Activity — Only the lines from the one with "2007 Dale Earnhardt" through the final line below belong in the answer, copied exactly and without pictures.

The data —
++++++++++++++++++++
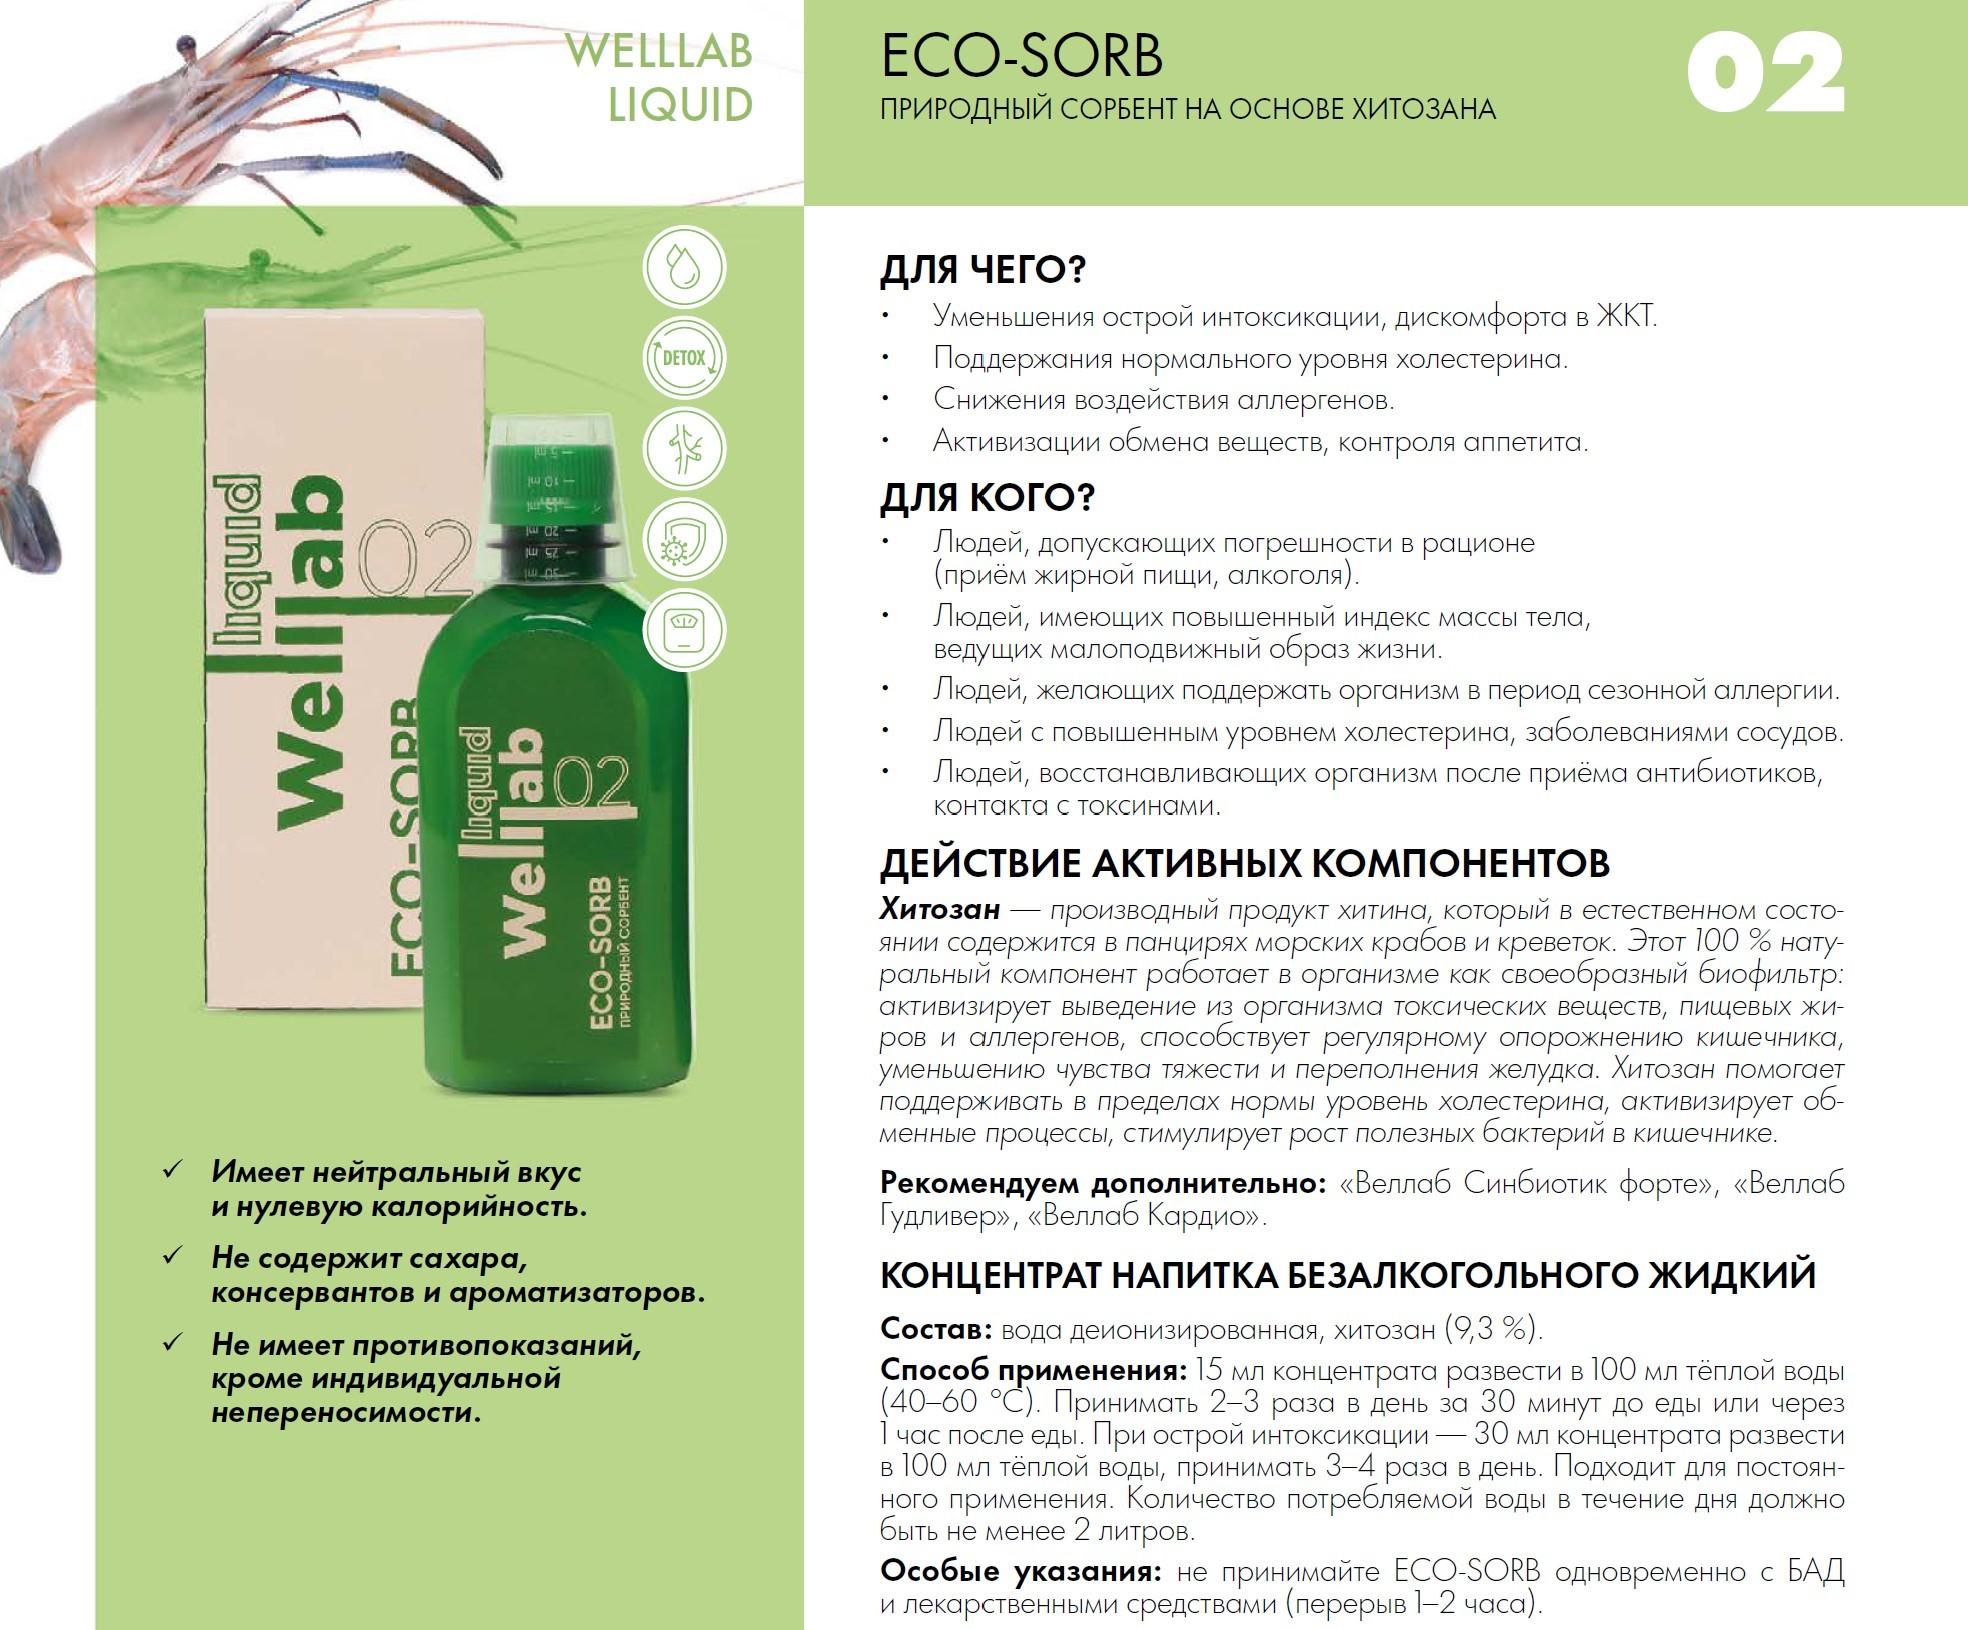 Welllab liquid ECO-SORB
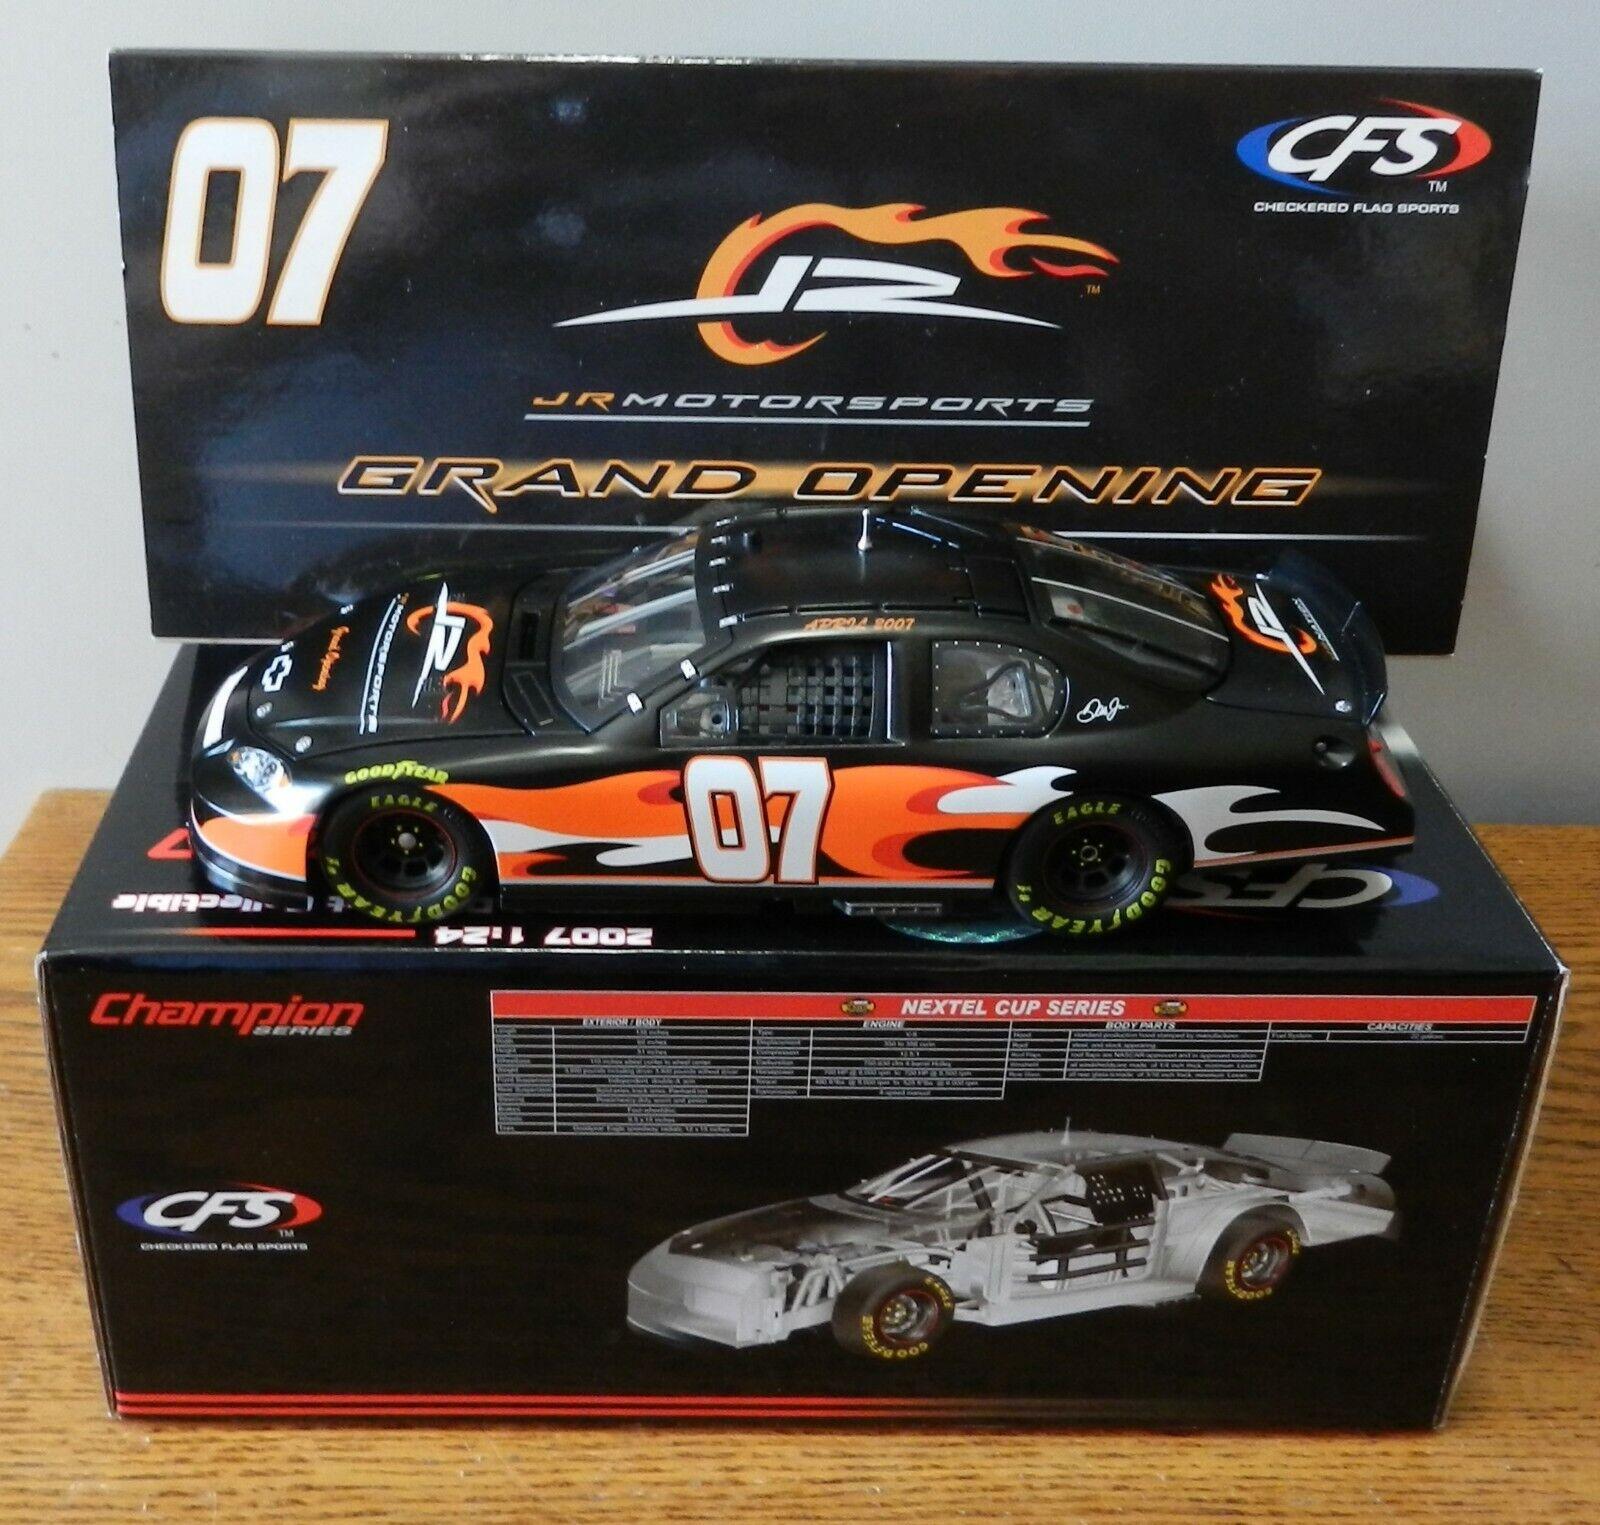 2007 Dale Earnhardt Jr  7  inauguración  CFS coche edición limitada 1 de 3883
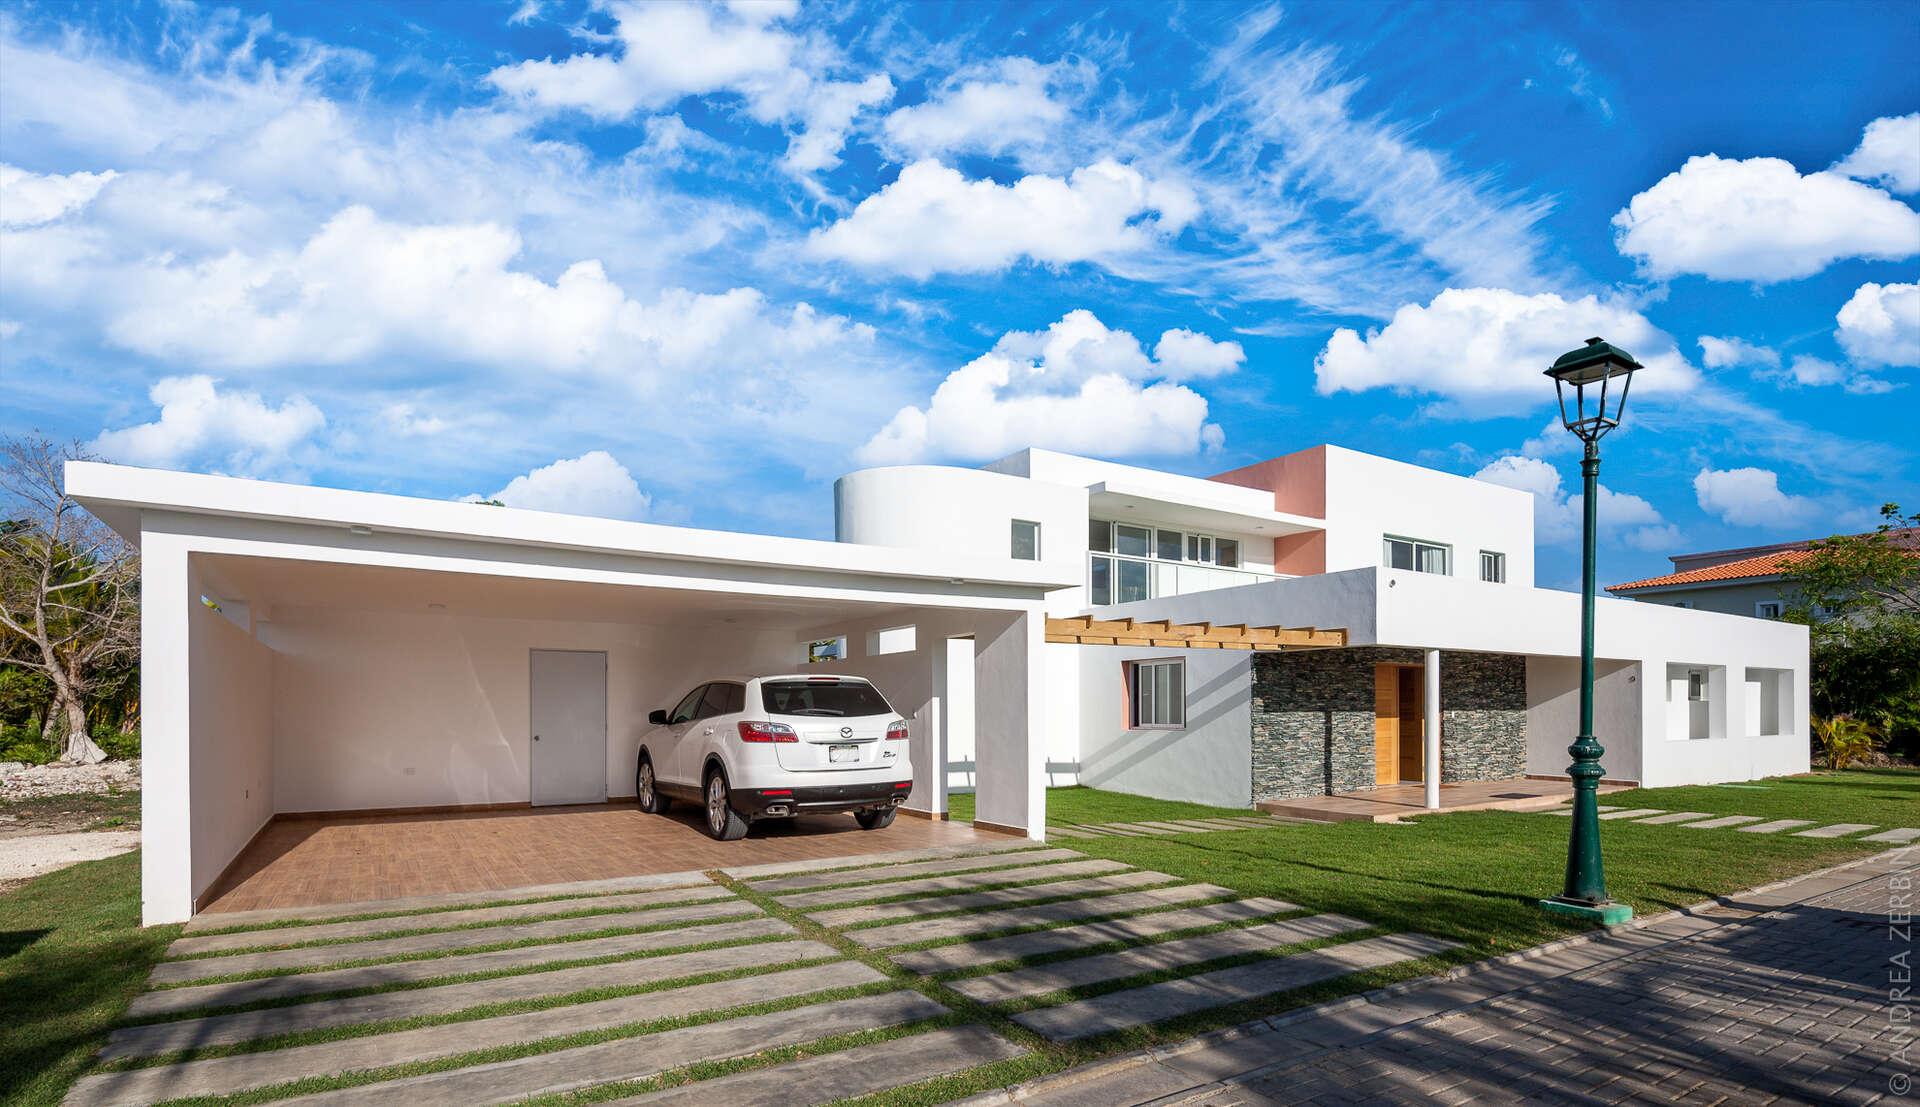 Luxury villa rentals caribbean - Dominican republic - Punta cana - Bavaro - Villa Moderna - Image 1/22
++++++++++++++++++++
Written solution —
 2007 Dale Earnhardt Jr  7  inauguración  CFS coche edición limitada 1 de 3883
 Luxury villa rentals caribbean - Dominican republic - Punta cana - Bavaro - Villa Moderna - Image 1/22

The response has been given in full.